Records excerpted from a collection
————
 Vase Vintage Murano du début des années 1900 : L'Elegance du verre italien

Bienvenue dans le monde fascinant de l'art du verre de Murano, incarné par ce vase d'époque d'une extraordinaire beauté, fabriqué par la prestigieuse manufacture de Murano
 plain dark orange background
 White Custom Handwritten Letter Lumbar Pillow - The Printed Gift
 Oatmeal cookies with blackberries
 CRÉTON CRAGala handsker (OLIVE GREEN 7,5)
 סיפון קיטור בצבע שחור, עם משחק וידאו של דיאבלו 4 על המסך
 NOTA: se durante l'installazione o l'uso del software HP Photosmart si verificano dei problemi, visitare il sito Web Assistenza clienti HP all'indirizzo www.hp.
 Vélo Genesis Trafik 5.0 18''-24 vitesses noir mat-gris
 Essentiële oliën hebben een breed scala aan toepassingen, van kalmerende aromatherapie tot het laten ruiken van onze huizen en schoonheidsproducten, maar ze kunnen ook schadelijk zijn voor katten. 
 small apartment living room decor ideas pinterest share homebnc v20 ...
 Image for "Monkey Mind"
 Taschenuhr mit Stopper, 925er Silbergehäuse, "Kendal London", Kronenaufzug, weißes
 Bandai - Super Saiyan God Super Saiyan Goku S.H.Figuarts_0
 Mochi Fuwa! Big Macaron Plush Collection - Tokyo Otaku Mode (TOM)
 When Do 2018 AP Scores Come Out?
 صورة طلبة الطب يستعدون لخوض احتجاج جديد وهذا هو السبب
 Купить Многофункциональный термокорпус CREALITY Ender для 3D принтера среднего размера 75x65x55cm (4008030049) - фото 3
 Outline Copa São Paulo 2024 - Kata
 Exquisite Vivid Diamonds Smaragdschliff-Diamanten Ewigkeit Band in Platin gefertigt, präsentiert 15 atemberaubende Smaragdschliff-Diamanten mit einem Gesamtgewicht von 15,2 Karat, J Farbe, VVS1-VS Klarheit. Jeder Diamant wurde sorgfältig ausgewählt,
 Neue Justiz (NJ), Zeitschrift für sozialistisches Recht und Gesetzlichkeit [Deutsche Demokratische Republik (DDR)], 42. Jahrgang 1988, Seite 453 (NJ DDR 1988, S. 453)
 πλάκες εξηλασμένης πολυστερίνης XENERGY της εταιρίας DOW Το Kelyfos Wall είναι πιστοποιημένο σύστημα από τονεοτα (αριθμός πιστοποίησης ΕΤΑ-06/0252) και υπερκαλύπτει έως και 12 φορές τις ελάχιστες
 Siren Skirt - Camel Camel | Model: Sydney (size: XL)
————
- EXERCISE AIM -
Could you output, exactly and with nothing else, the lines from the start of the records through the line containing "Neue Justiz (NJ), Zeitschrift"?

- WRITTEN ANSWER -
 Vase Vintage Murano du début des années 1900 : L'Elegance du verre italien

Bienvenue dans le monde fascinant de l'art du verre de Murano, incarné par ce vase d'époque d'une extraordinaire beauté, fabriqué par la prestigieuse manufacture de Murano
 plain dark orange background
 White Custom Handwritten Letter Lumbar Pillow - The Printed Gift
 Oatmeal cookies with blackberries
 CRÉTON CRAGala handsker (OLIVE GREEN 7,5)
 סיפון קיטור בצבע שחור, עם משחק וידאו של דיאבלו 4 על המסך
 NOTA: se durante l'installazione o l'uso del software HP Photosmart si verificano dei problemi, visitare il sito Web Assistenza clienti HP all'indirizzo www.hp.
 Vélo Genesis Trafik 5.0 18''-24 vitesses noir mat-gris
 Essentiële oliën hebben een breed scala aan toepassingen, van kalmerende aromatherapie tot het laten ruiken van onze huizen en schoonheidsproducten, maar ze kunnen ook schadelijk zijn voor katten. 
 small apartment living room decor ideas pinterest share homebnc v20 ...
 Image for "Monkey Mind"
 Taschenuhr mit Stopper, 925er Silbergehäuse, "Kendal London", Kronenaufzug, weißes
 Bandai - Super Saiyan God Super Saiyan Goku S.H.Figuarts_0
 Mochi Fuwa! Big Macaron Plush Collection - Tokyo Otaku Mode (TOM)
 When Do 2018 AP Scores Come Out?
 صورة طلبة الطب يستعدون لخوض احتجاج جديد وهذا هو السبب
 Купить Многофункциональный термокорпус CREALITY Ender для 3D принтера среднего размера 75x65x55cm (4008030049) - фото 3
 Outline Copa São Paulo 2024 - Kata
 Exquisite Vivid Diamonds Smaragdschliff-Diamanten Ewigkeit Band in Platin gefertigt, präsentiert 15 atemberaubende Smaragdschliff-Diamanten mit einem Gesamtgewicht von 15,2 Karat, J Farbe, VVS1-VS Klarheit. Jeder Diamant wurde sorgfältig ausgewählt,
 Neue Justiz (NJ), Zeitschrift für sozialistisches Recht und Gesetzlichkeit [Deutsche Demokratische Republik (DDR)], 42. Jahrgang 1988, Seite 453 (NJ DDR 1988, S. 453)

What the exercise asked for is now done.